— BRIEF —
Reproduce word for word every line from the one containing "Made Gloves Turkeys" through the end of the listing below; omit the pictures.

— SOURCE DATA —
"""

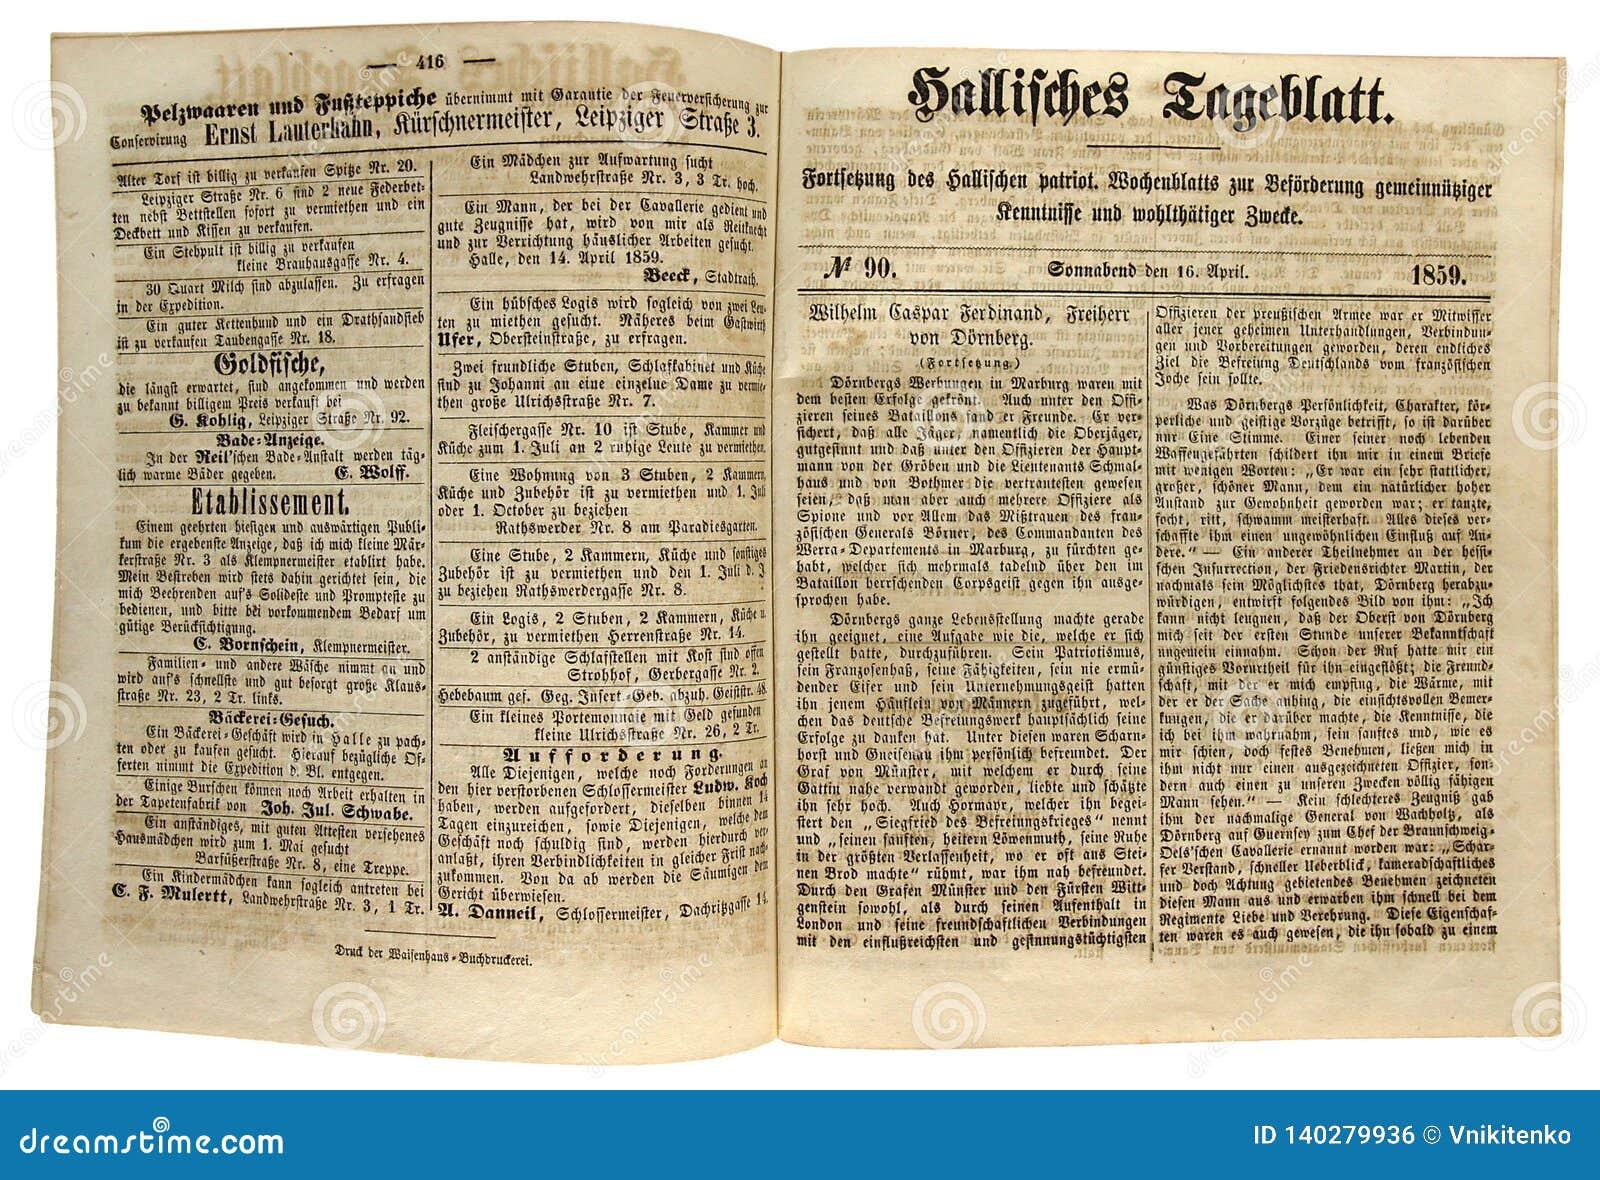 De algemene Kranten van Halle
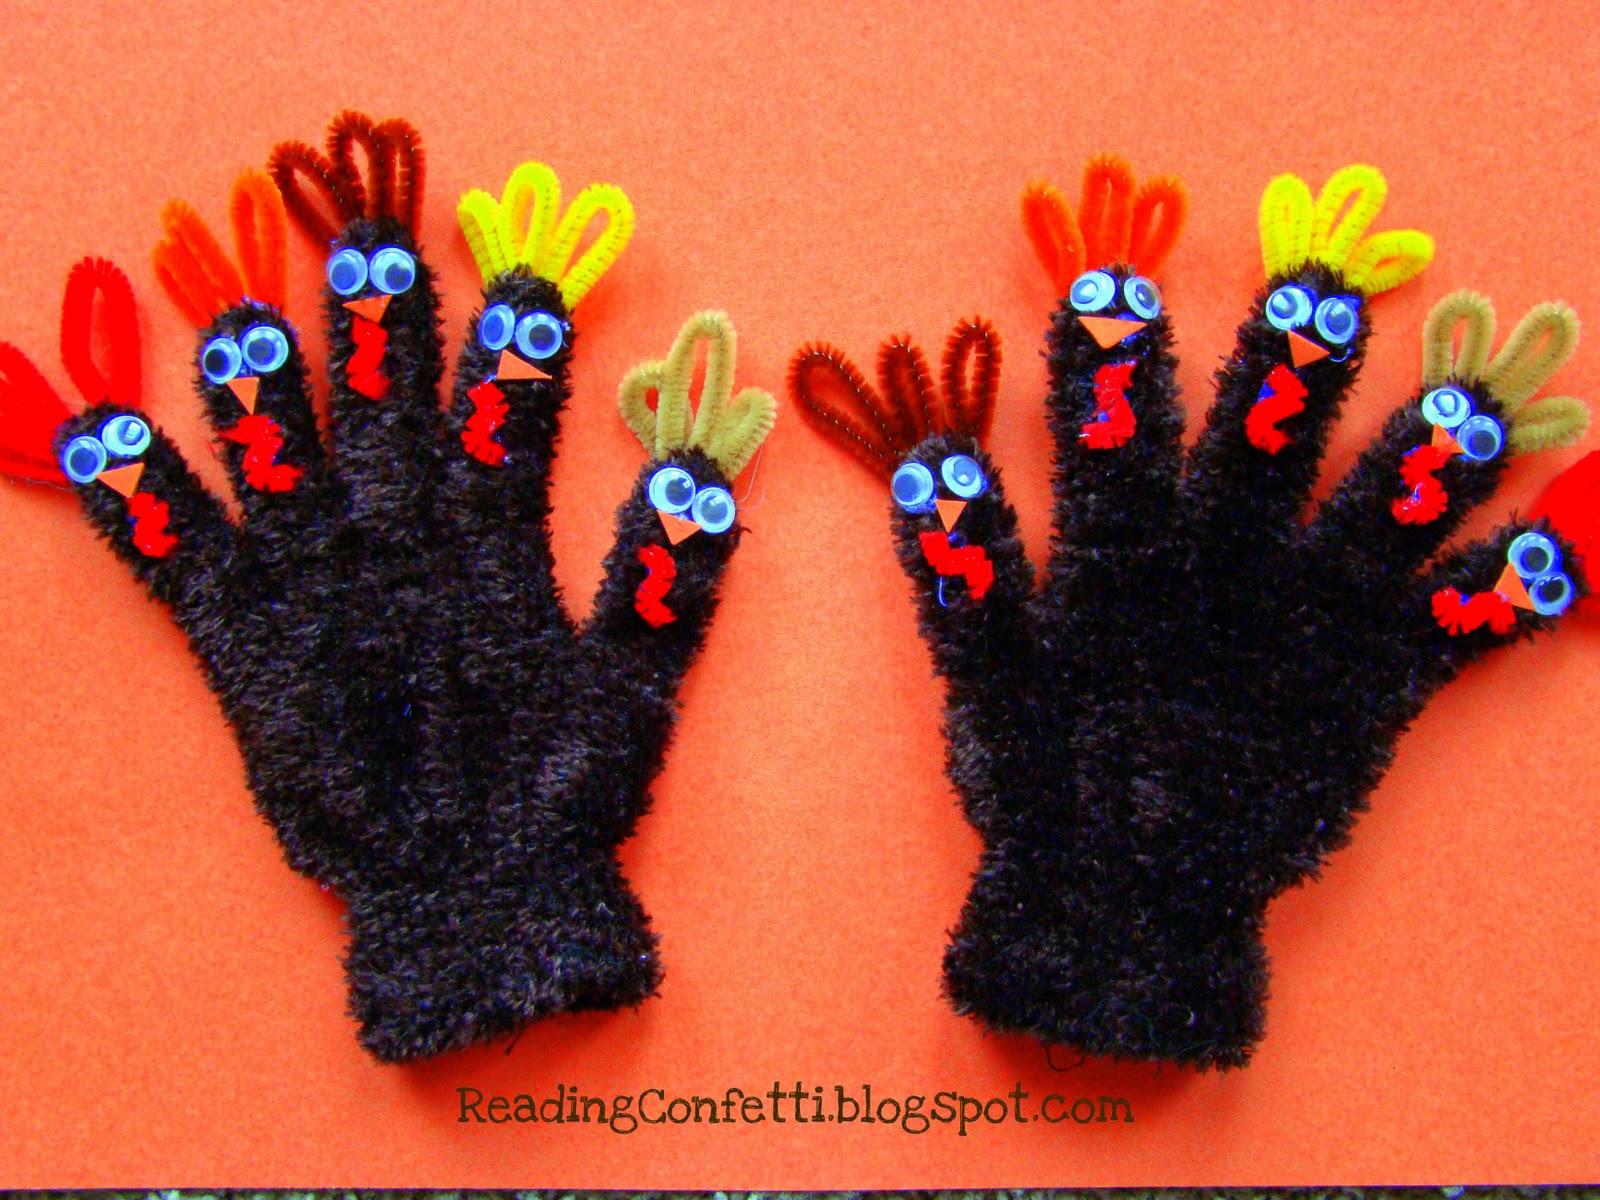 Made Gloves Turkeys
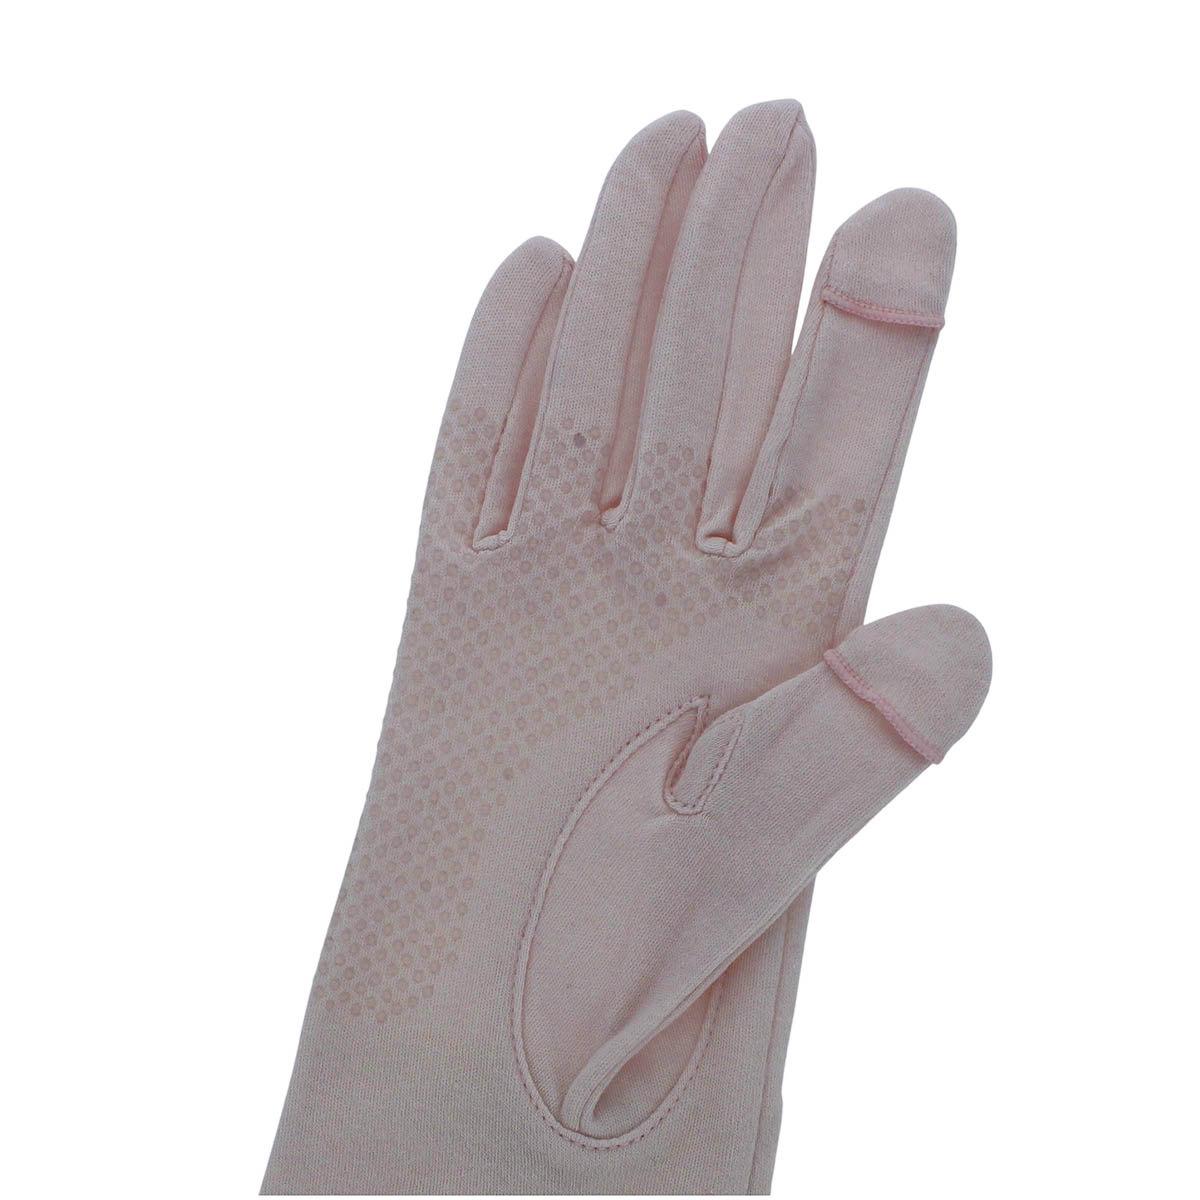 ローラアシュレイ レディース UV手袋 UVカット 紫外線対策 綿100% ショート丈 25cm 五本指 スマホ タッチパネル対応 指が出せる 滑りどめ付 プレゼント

"""

— REPLY —
 Made Gloves Turkeys
 ローラアシュレイ レディース UV手袋 UVカット 紫外線対策 綿100% ショート丈 25cm 五本指 スマホ タッチパネル対応 指が出せる 滑りどめ付 プレゼント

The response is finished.